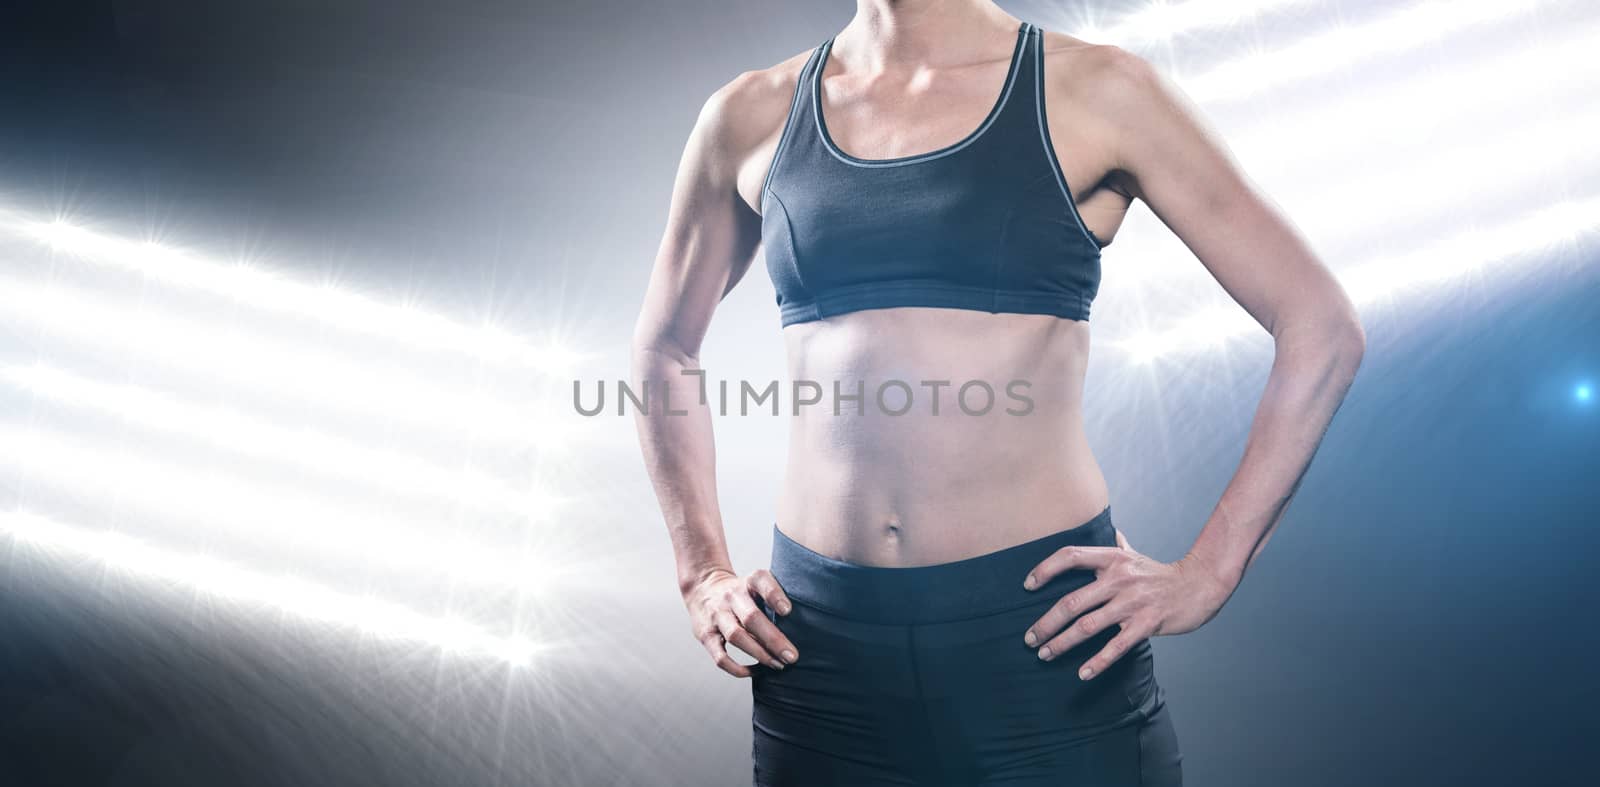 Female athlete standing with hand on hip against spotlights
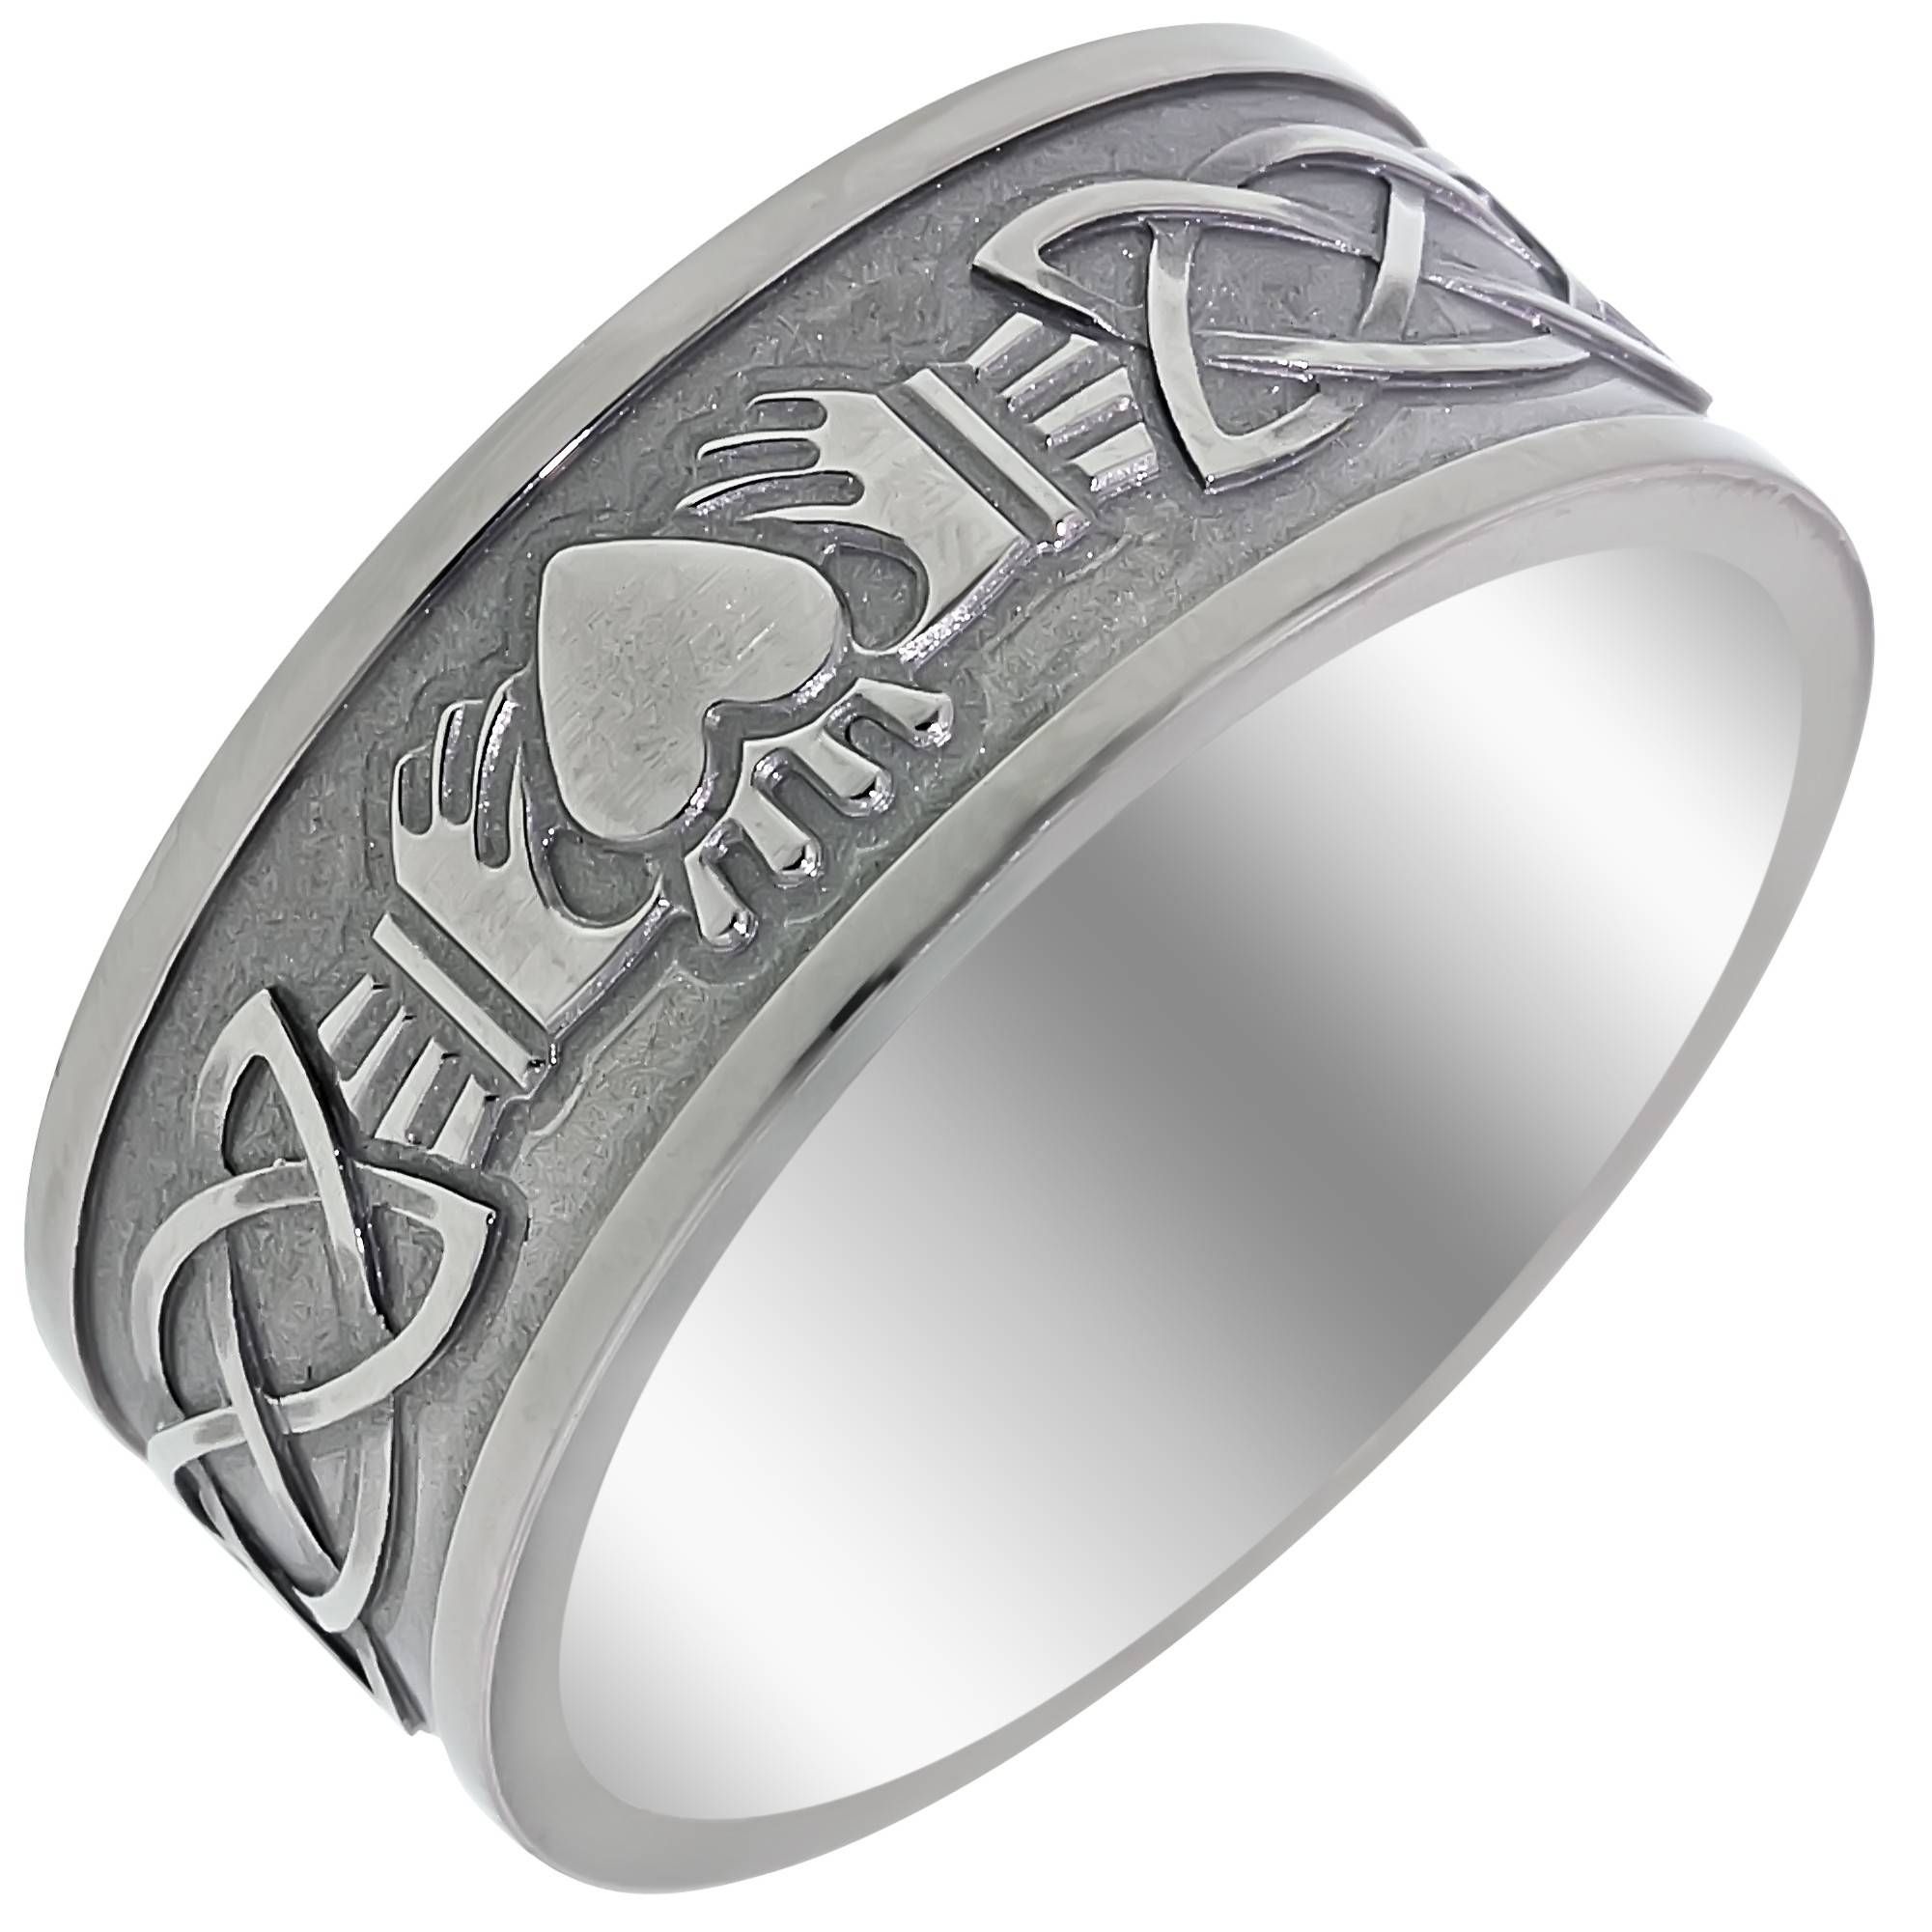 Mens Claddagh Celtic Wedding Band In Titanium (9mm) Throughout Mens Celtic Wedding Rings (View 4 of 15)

****

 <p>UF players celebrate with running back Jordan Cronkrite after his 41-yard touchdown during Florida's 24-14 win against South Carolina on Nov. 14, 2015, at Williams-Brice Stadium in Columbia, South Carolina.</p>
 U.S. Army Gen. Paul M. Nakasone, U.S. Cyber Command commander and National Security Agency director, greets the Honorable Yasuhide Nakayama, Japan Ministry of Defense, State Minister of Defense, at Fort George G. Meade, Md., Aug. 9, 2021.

****

● **WORK ORDER**
Your answer must be the lines above from the one containing "<p>UF players celebrate" to the one containing "U.S. Army Gen.", both included, restated word for word.

● **WRITTEN RESPONSE**
 <p>UF players celebrate with running back Jordan Cronkrite after his 41-yard touchdown during Florida's 24-14 win against South Carolina on Nov. 14, 2015, at Williams-Brice Stadium in Columbia, South Carolina.</p>
 U.S. Army Gen. Paul M. Nakasone, U.S. Cyber Command commander and National Security Agency director, greets the Honorable Yasuhide Nakayama, Japan Ministry of Defense, State Minister of Defense, at Fort George G. Meade, Md., Aug. 9, 2021.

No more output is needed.